Let’s talk about…Published 10:20am Friday, January 10, 2014
by Rachel Hancock
On a recent article on National Public Radio, they talked about a study that found that the more that children are talked to in their early years of life, the more vocabulary words they will develop later on. It continued to say that a lot of parents don’t actually know what to talk to their children about. This is why I am starting this column, in order to help parents and/or family members talk to their kids.
When I talk to my teenager peers, it seems that they have this problem in their families more often than not, seemly stemming from a problem of miscommunication and silence. Sadly the most common reason for these problems is the fact that the parents no longer understand their child and how they never seem to listen. I wish to help parents, with not only talking and maybe even better understanding their teenagers, but also to learn to talk to their younger children.
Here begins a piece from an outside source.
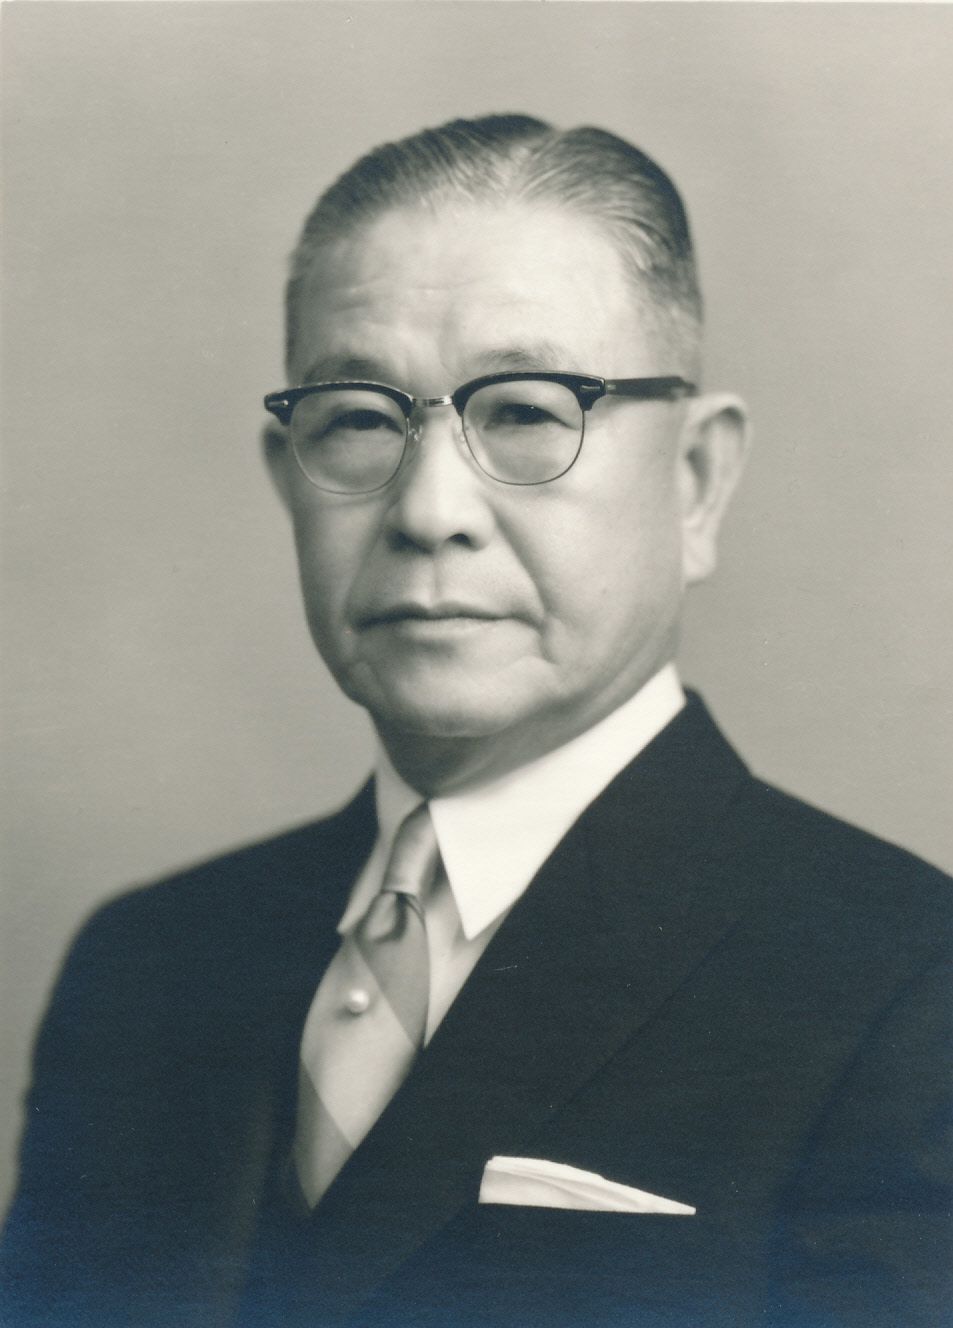 長崎県長崎市の洋品店に生まれた野田岩次郎。ホテルオークラ東京開業当時の社長を務めた。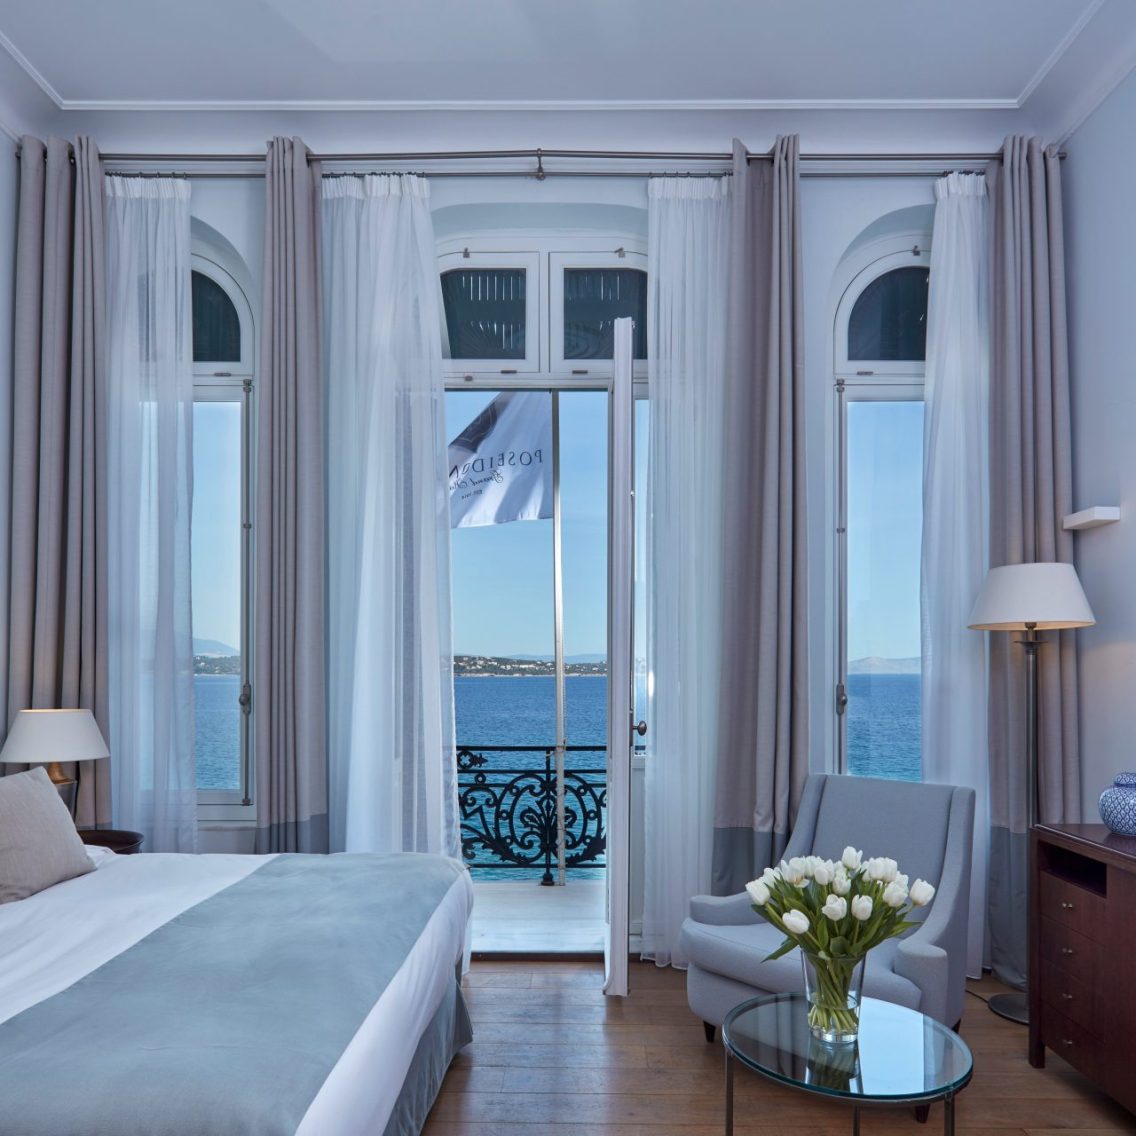 Το Poseidonion Grand Hotel γιορτάζει 110 χρόνια διαχρονικής φιλοξενίας

What some parents don’t understand is the importance of talking.
The next question you’re probably asking is: “What are we to talk about?”
That is the other aspect of this column, your starting point for a conversation. I know it can be hard to begin a conversation out of nothing, let alone keep it going, but an important part is to always ask questions; that is, to engage your child, not to see if they are listening so much, but to keep their interest in your conversation. Another factor that some parents don’t like is that when they are talking to their children they don’t seem to be listening, yet that is not always the case. Just because you child isn’t staring at you doesn’t mean they don’t hear what you say. If you believe you need some sort of interaction then ask a question every now and then, as stated before.
Another important aspect to remember is to make sure not to get angry. Sure it can be hard, when either your child truly isn’t listening or talks back, but when has shouting at a stone that can shout back ever brought other than more shouting? If it is hard to keep your cool, then stop, breathe and wait until both of you are ready to talk again.
Although you may have to be careful when talking to teenager, it is considered to be less of an effort to talk to younger children. Yet then you again have the problem of what to talk to them about. To me (though others may see it differently) the younger the child the more options you have to choose from when trying to find something to chat about. If you talk to the adolescent about anything that you think is interesting, it not only shows them what you think but can maybe even get them see something in a different way, not to mention the more words that they will become familiar with. Give them a chance and talk to them, about anything that you enjoy, no matter how boring the conversation would be to others. It is important that you talk to them, and to let them know that you have something else to say besides telling them “No.”
Rachel Hancock lives in Sedley and is a junior at Southampton High School.